In order to assess their porosity, 1 and 3 were activated prior to gas sorption measurements. The analyzed material was suspended in ethanol for 48 h, followed by filtering, drying, and heating to 150 °C under vacuum, for 6 h. N₂ isotherms, measured at 77 K are presented in Figure 8 for 1 and Figure S1 for 3. Both frameworks display type I isotherms, characteristic of microporous materials. While 3 displayed a BET value of only 26 m²/g, 1 was found to have a BET value of 906 m²/g at p/p₀ values situated between 0.01 and 0.05. The values for total pore volume, micropore volume, and mesopore volume for 1 can be found in

Table 2. Micropore, mesopore and total pore volume for 1.

SBET (m2/g)	Micropore Volume a (cm3/g)	Mesopore Volume b (cm3/g)	Total Pore Volume (cm3/g)
906	0.347	0.021	0.384

^a Determined using the t-plot method. ^b Determined using the BJH method.

, while the pore size distribution of 1, determined by the BJH method, is presented in Figure S2.

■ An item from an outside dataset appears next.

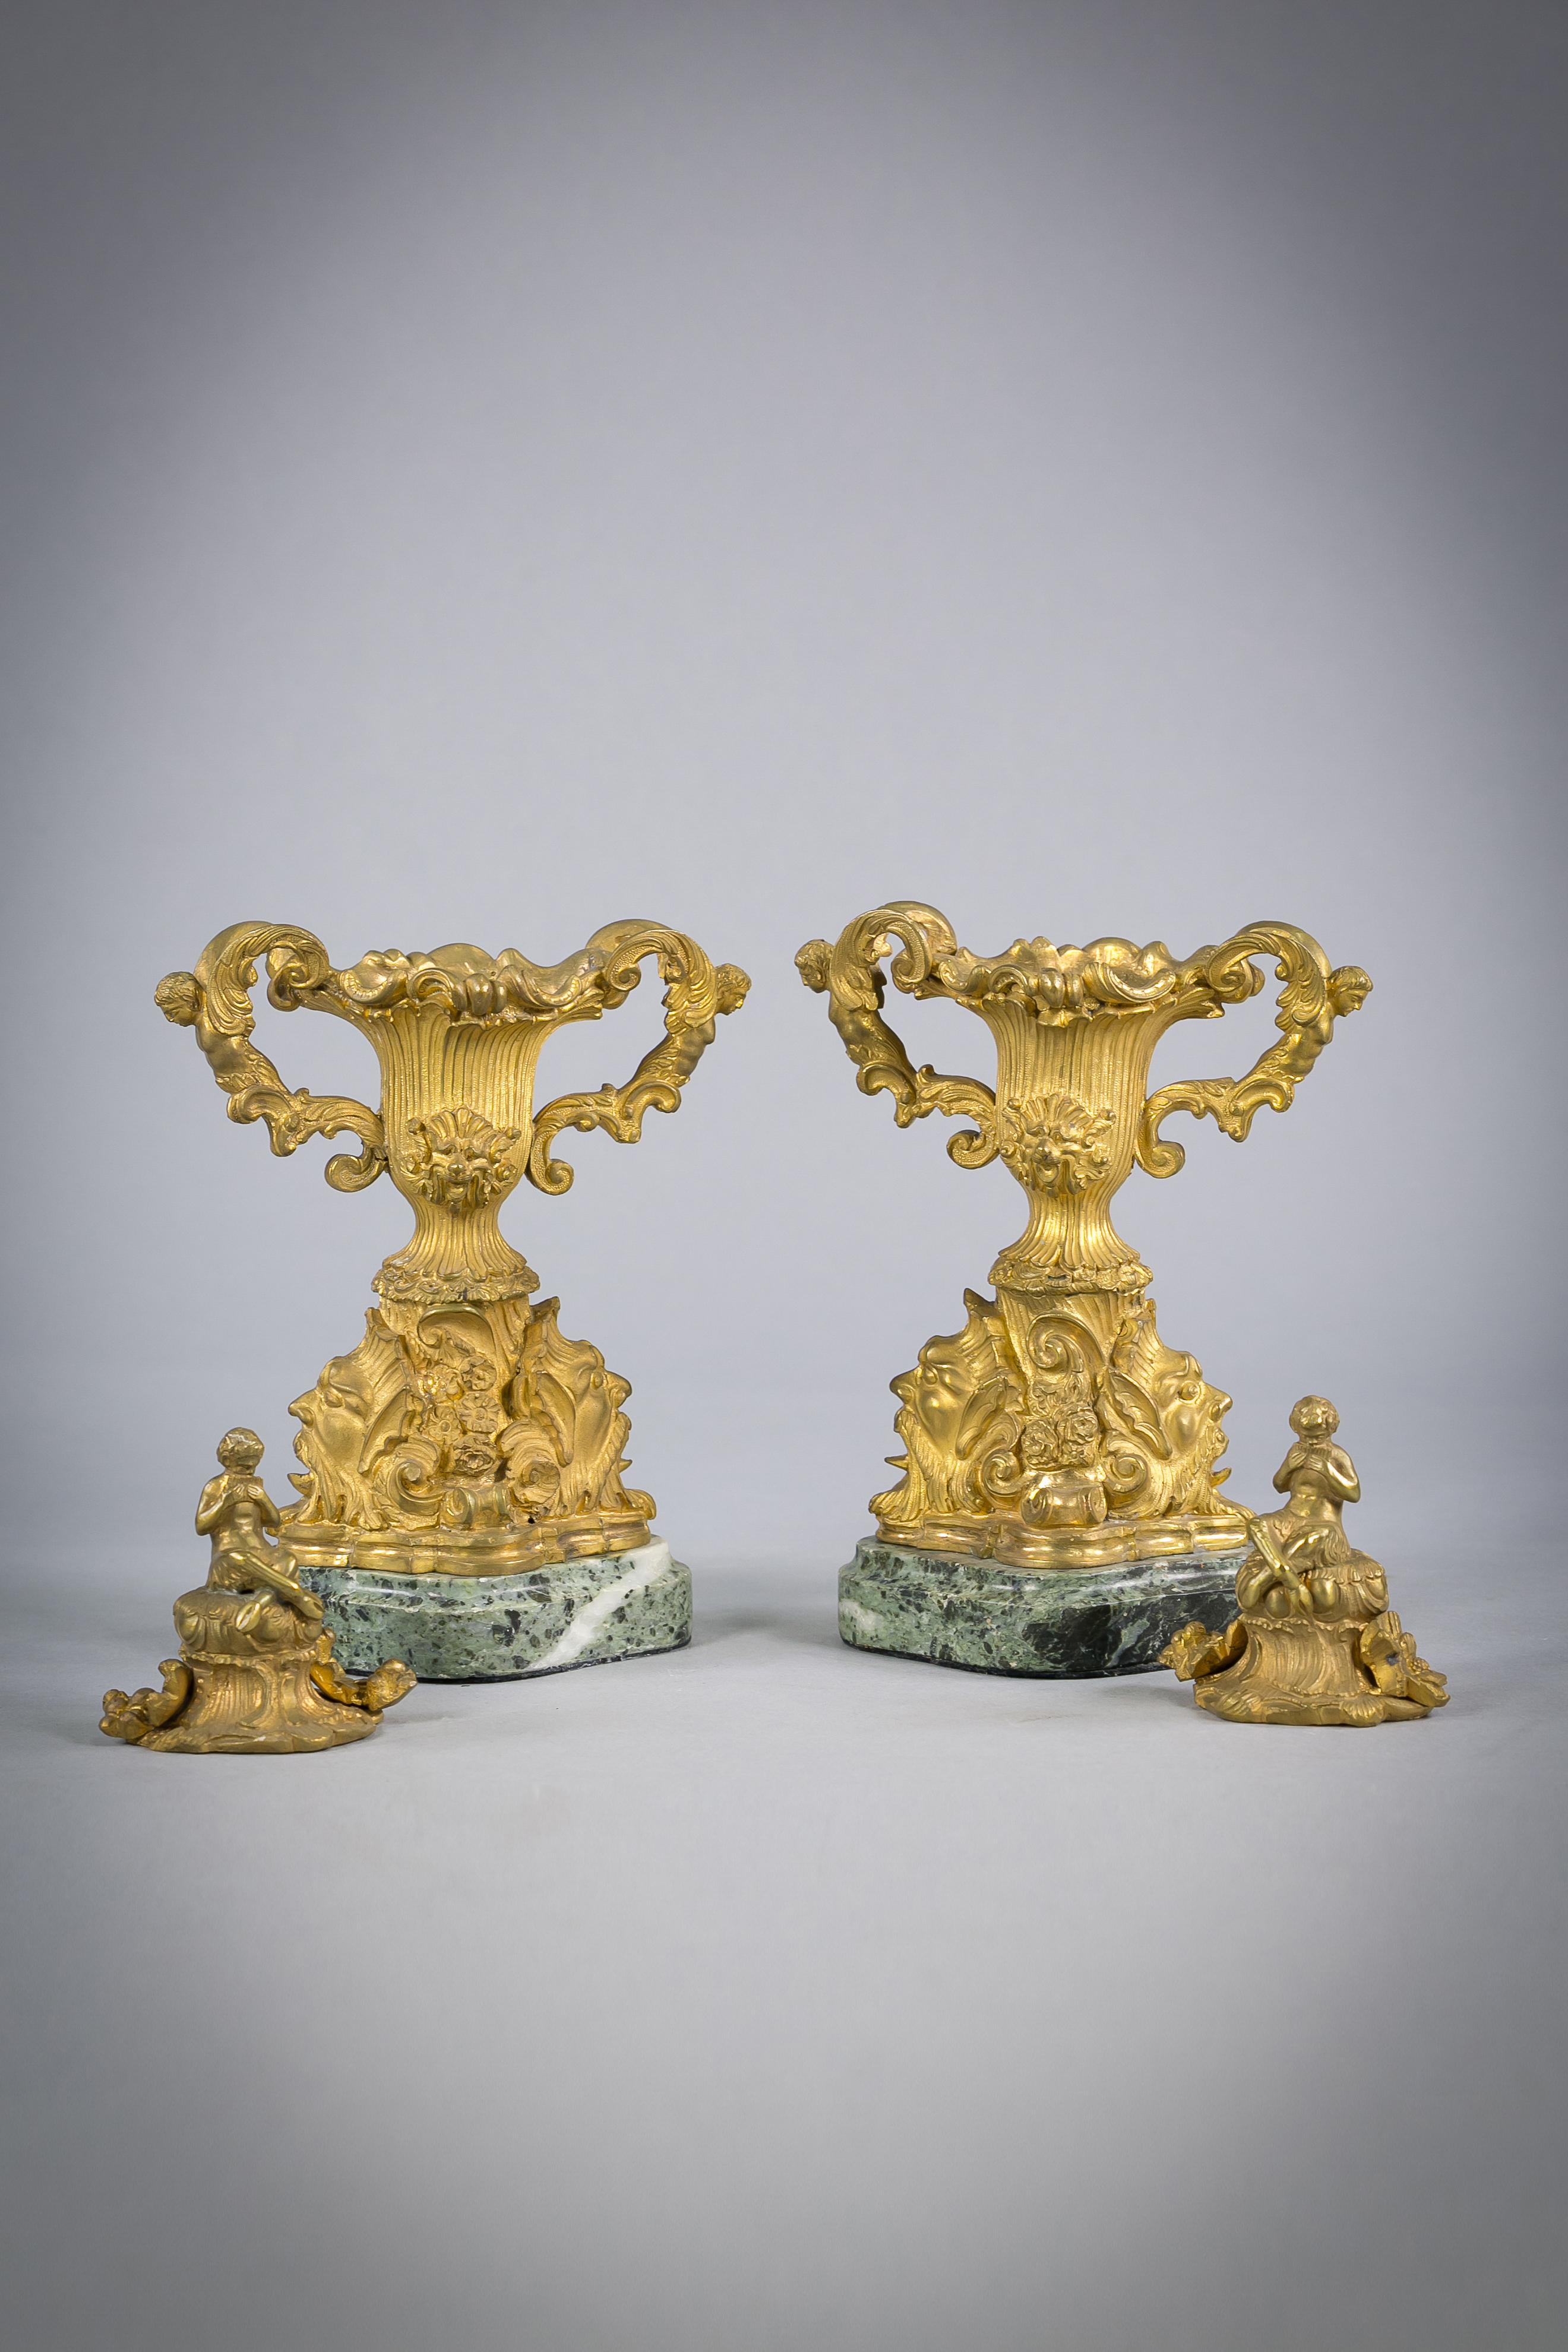 Pair of gilt bronze two handled covered urns on marble bases, French, circa 1890.

The powder X-ray diffractogram registered after the sorption measurement displayed little differences when compared to the one registered for the activated material. Therefore, we decided to submit the same sample to a total of five adsorption/desorption cycles, in order to assess the frameworks’ robustness. As can be seen in Figure 9, 1 displays good sorption properties even after 5 cycles, despite the BET value going down from 906 m²/g (cycle 1) to 784 m²/g (cycle 5).

The powder X-ray diffractograms registered after each N₂ adsorption/desorption cycle, alongside the diffractogram corresponding to framework 1 after activation under heat and vacuum, are presented in Figure 10. We have found that even after five cycles, no major structural modification of the network was observed.

In the next step, the CO₂ adsorption properties of framework 1 were investigated. The analysis was performed at 0 °C and the isotherm thus obtained is depicted in Figure 11. It was found that 1 displays a CO₂ adsorption capacity of 2.9 mmol/g at 0 °C. Moreover, PXRD analysis performed after CO₂ adsorption/desorption indicated that the network suffers no significant structural modifications (Figure S6).

4. Conclusions

To conclude, mesitylene tribenzoic acid was successfully employed as a linker in the solvothermal synthesis of a Zn-containing and two Cd-containing Metal-Organic Frameworks. One of the latter structures proved to be unstable during isolation, as evidenced by PXRD analysis. Out of the remaining frameworks, the Zn-based one was found to display permanent porosity and good N₂ sorption properties, with a BET value of 906 m²/g. Moreover, by subjecting it to five consecutive adsorption/desorption cycles, the framework retained its porous nature, displaying a BET value of 784 m²/g after the fifth cycle. When CO₂ was used as an adsorbate, the same framework was found to have an uptake of 2.9 mmol/g at 0 °C.